The retrieval index is a searchable layer - vector plus keyword - that sits beside your memory files. The agent can query it with memory_search to find relevant context from past sessions. This only works if information was written to files first.

Three failure modes

When your agent "forgets" something, it's always one of three things.

Failure A: "It was never stored." The instruction only existed in conversation. It was never written to a file. When compaction fires or a new session starts, it's gone. This is what happened to Summer Yue. By far the most common cause.

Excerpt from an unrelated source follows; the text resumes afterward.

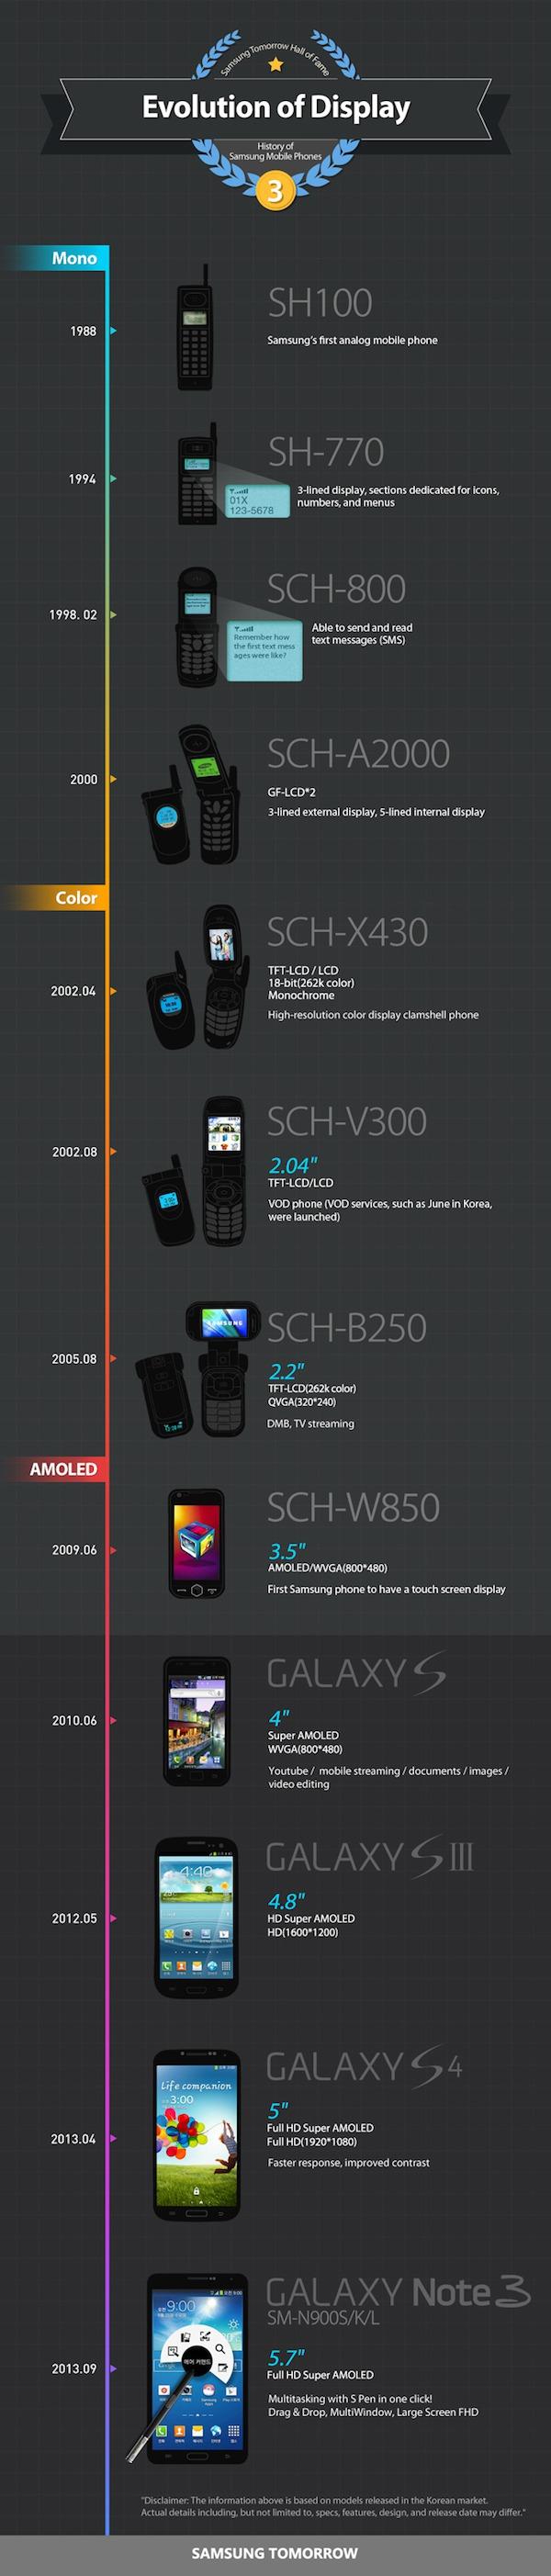 Evolution-of-Displayhistory-of-samsung-mobile-phones_ENG

Failure B: "Compaction changed what's in context." A long session hit the token limit. Compaction summarized older messages. The summary is lossy: it dropped details, nuance, specific constraints. The agent now operates from the summary, not your original words.

Failure C: "Session pruning trimmed tool results." Tool outputs (file reads, browser results, API responses) were trimmed by session pruning to optimize caching. The agent "forgets" what a tool returned earlier. This is temporary; the on-disk transcript isn't changed. But the model can't see the old tool output for this request.

Quick diagnostic:

Forgot a preference? Probably never written to MEMORY.md (Failure A)
Forgot what a tool returned? Likely pruning (Failure C)
Forgot the whole conversation thread? Compaction or session reset (Failure B)

Compaction vs pruning

Most guides - and most users - mix up compaction and pruning. They're completely different systems.

Compaction rewrites history (lossy, permanent) vs Pruning trims tool results only (lossless, temporary)

Compaction summarizes your entire conversation history into a compact summary. It changes what the model sees going forward. It's triggered when the context window fills. It affects everything: user messages, assistant messages, tool calls. And it's reactive, firing when overflow is about to happen, not ahead of time. Lossy. Permanent.

Pruning trims old tool results in-memory, per-request only. The on-disk session history is untouched. It only affects toolResult messages; user and assistant messages are never modified. It never touches images in tool results. Lossless. Temporary.

Pruning is your friend. It reduces bloat without destroying conversation context. Compaction is the dangerous one because it changes what the model sees.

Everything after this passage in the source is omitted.